*** Opening Recorded data ***

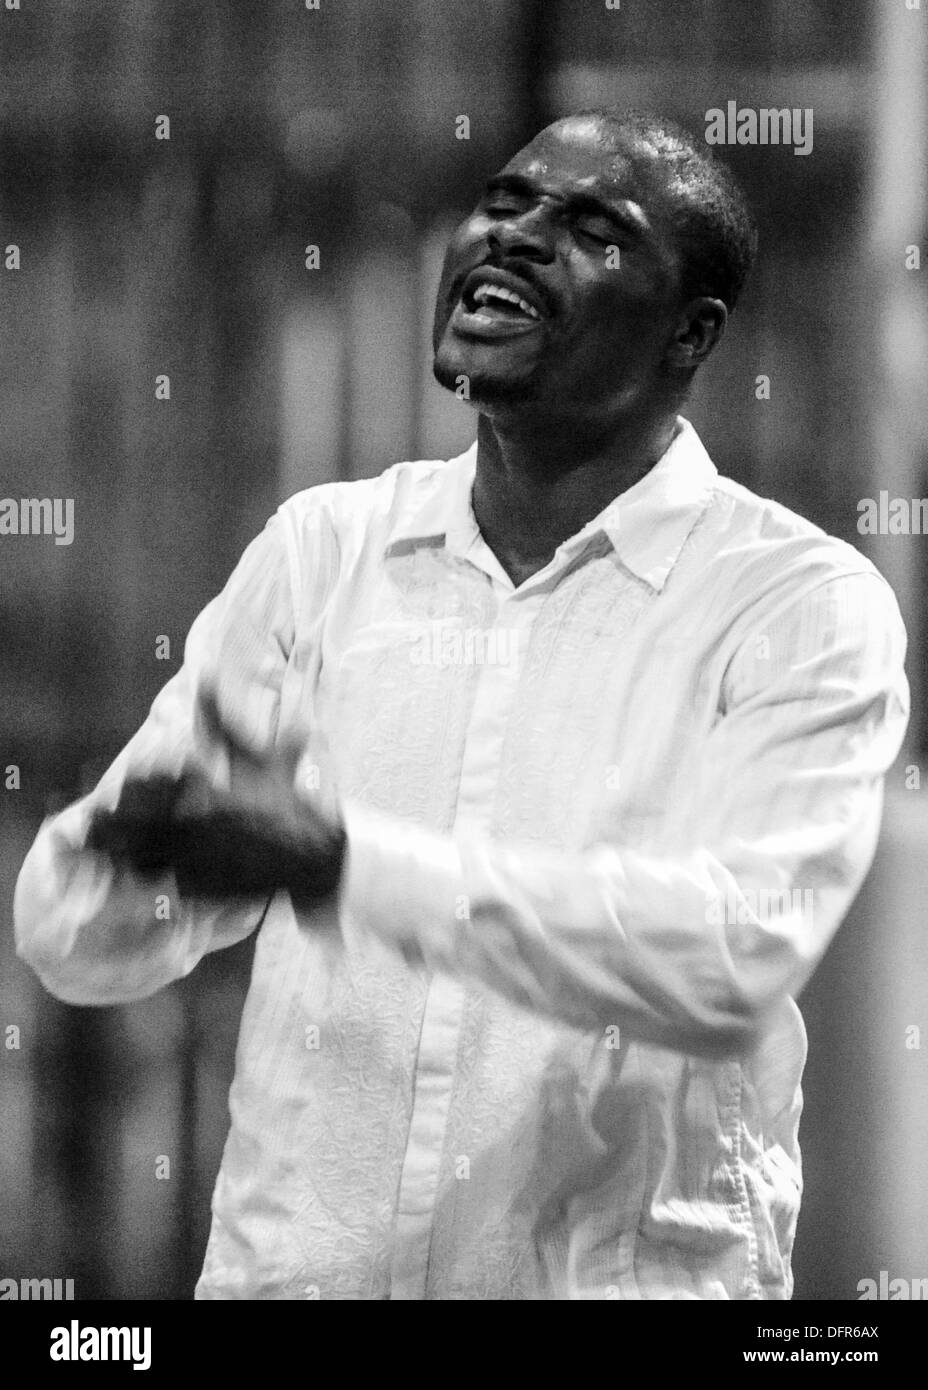 CAMP LEMONNIER, Gibuti (sett. 29, 2013) ingegneria marina Aide di terza classe Giwa Adewale canta durante i servizi religiosi su camp. Foto Stock
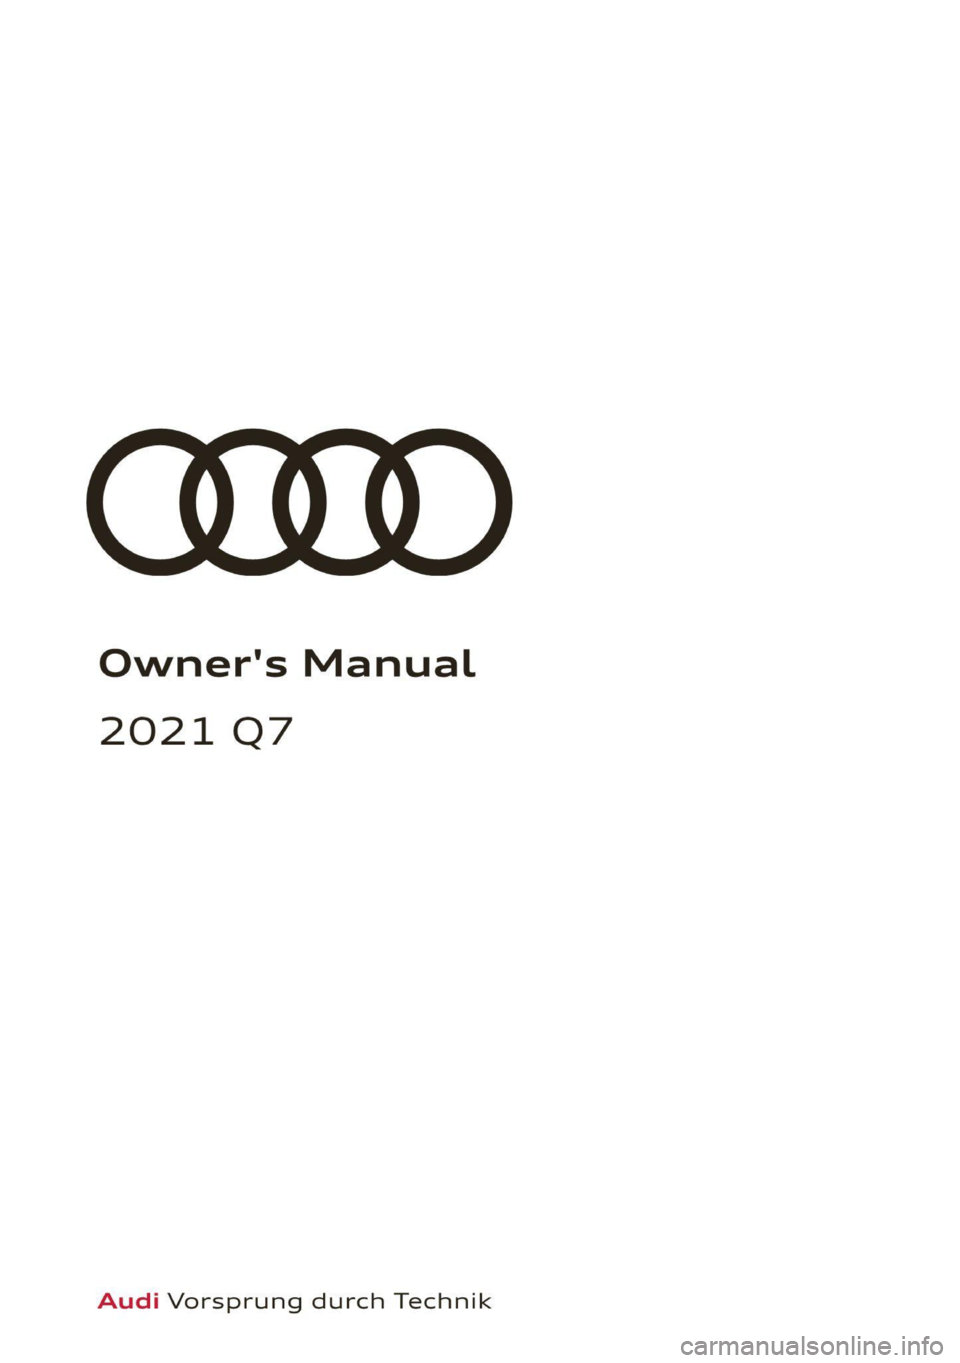 AUDI Q7 2021  Owner´s Manual Owner's Manual 
2021 Q7 
Audi Vorsprung durch Technik  
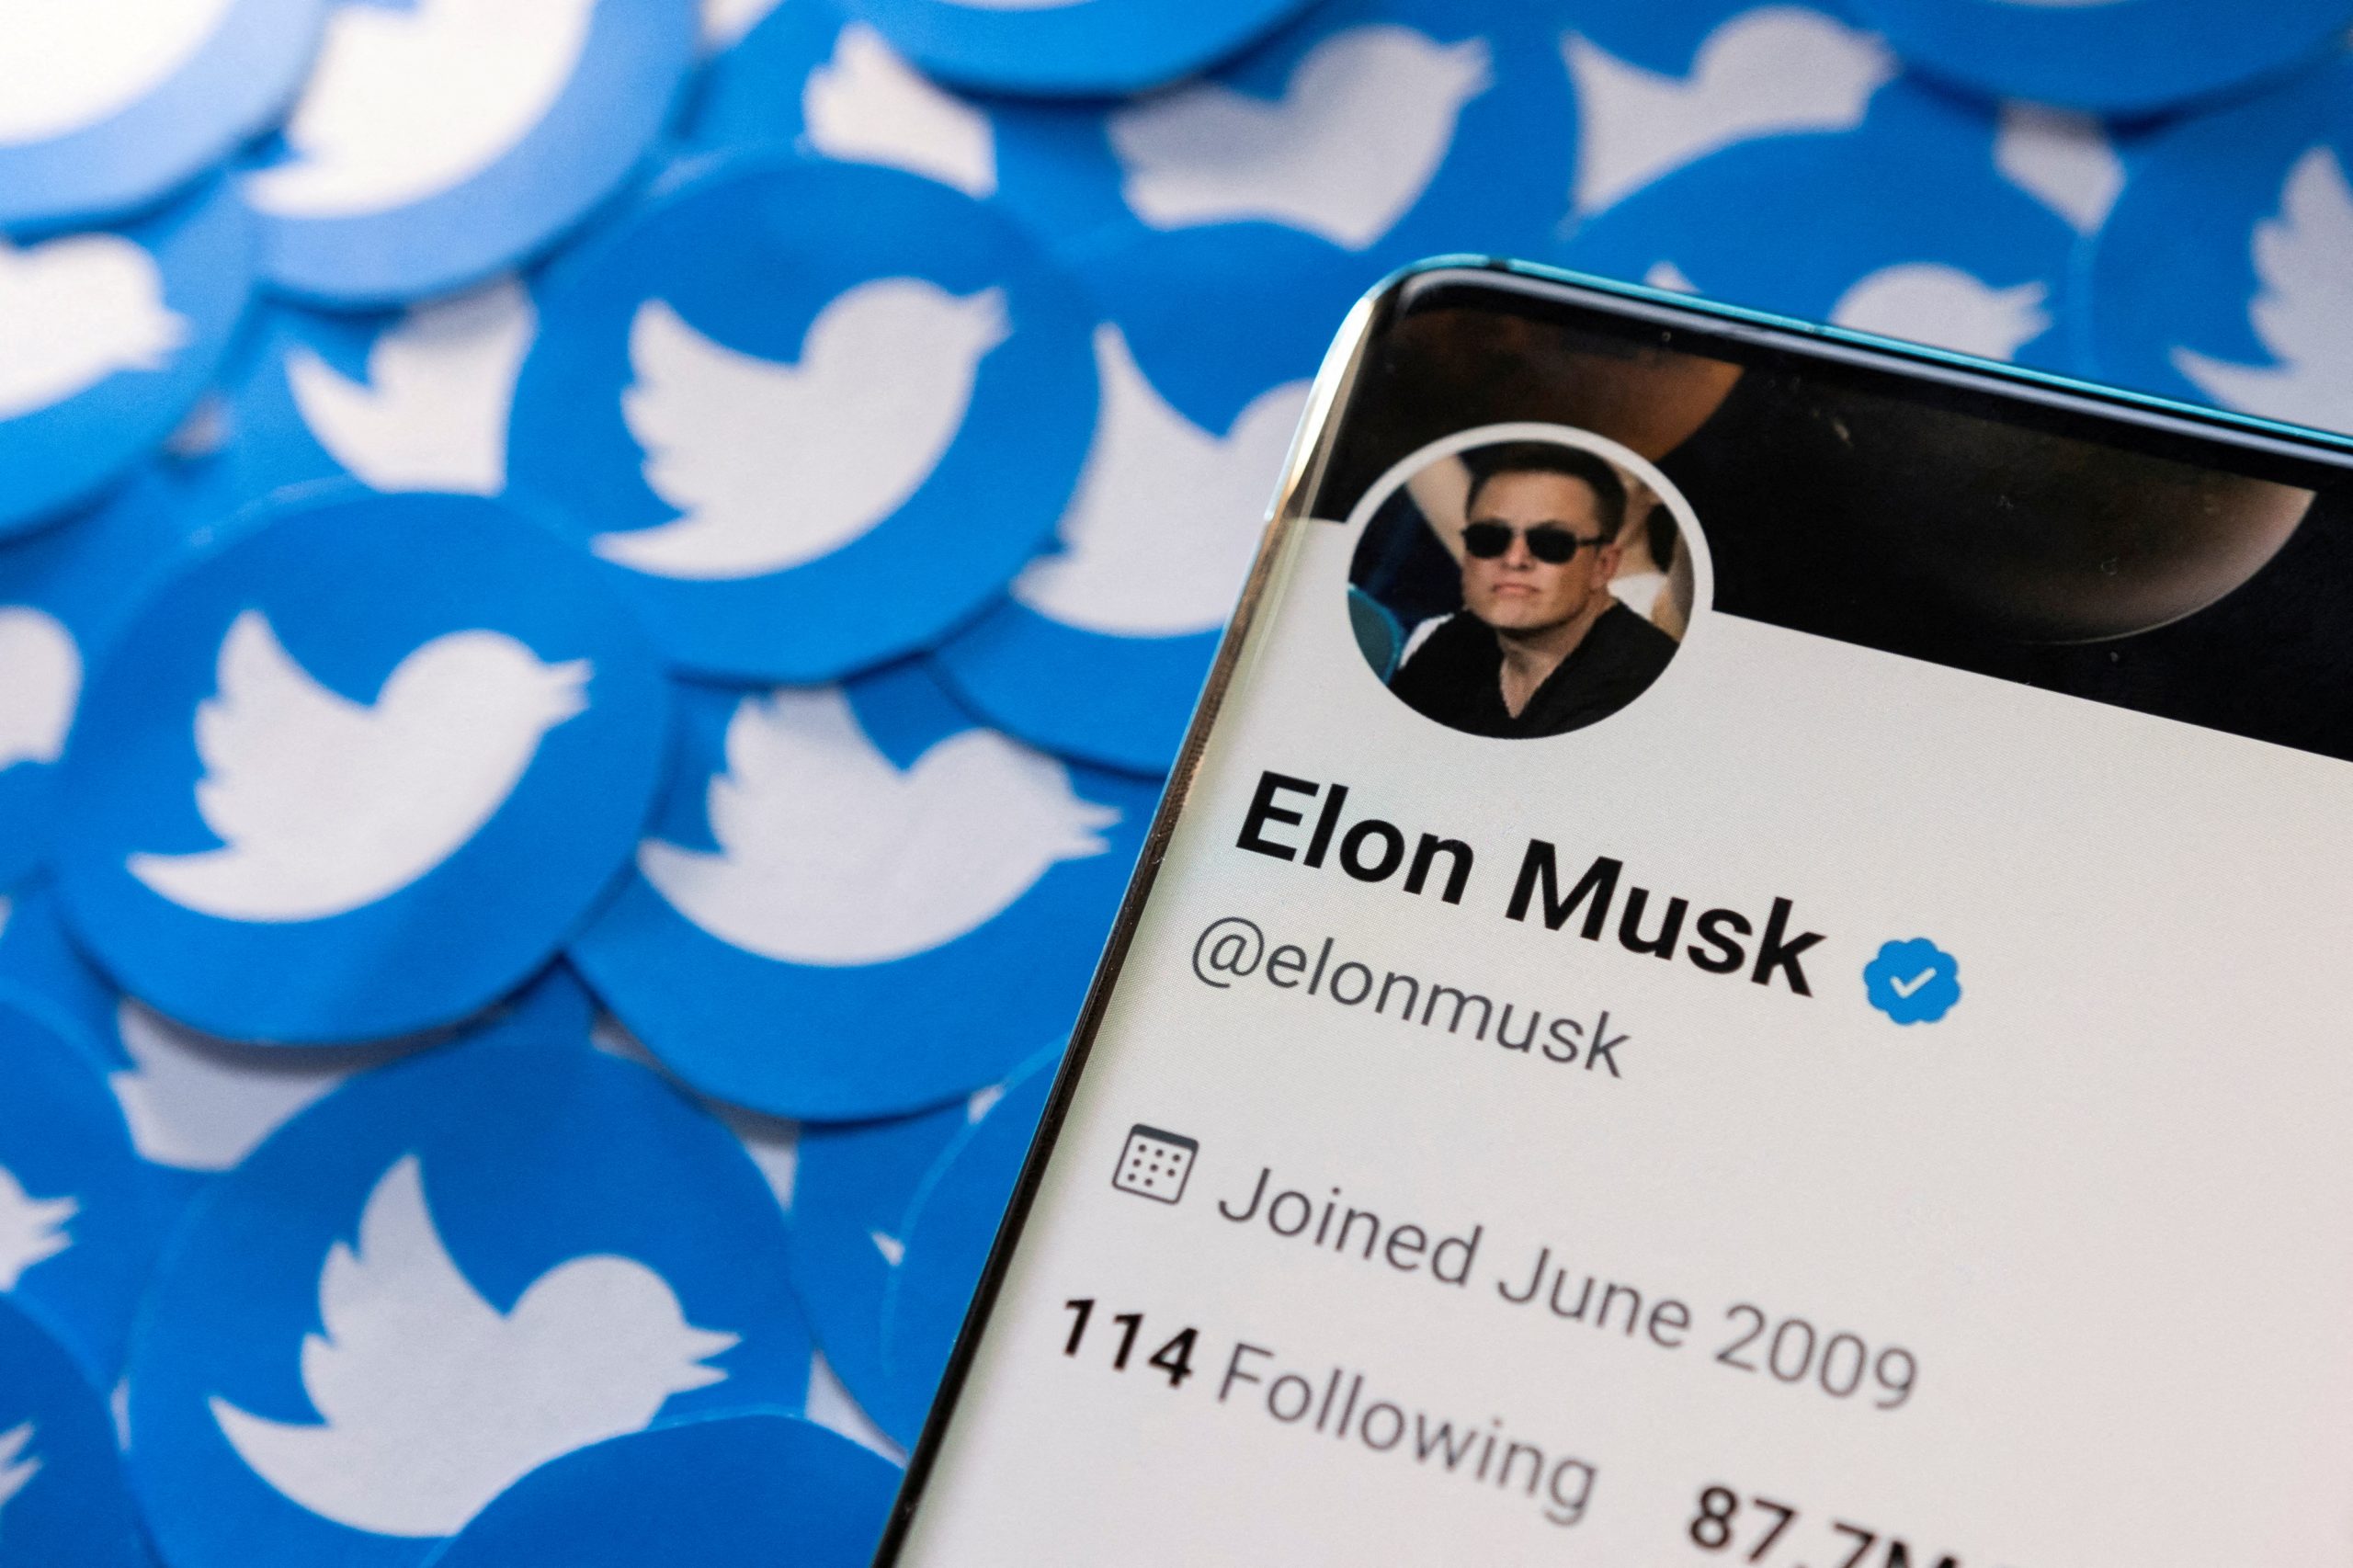 Elon Musk's acquisition of Twitter

*** Closing Recorded data ***

_What to produce_.
Your task is to transcribe, exactly and without additions, every line from the one that contains "Audi Vorsprung durch Technik" to the end of the entries above, both included. Omit all pictures.

_Response box_.
Audi Vorsprung durch Technik  
 Elon Musk's acquisition of Twitter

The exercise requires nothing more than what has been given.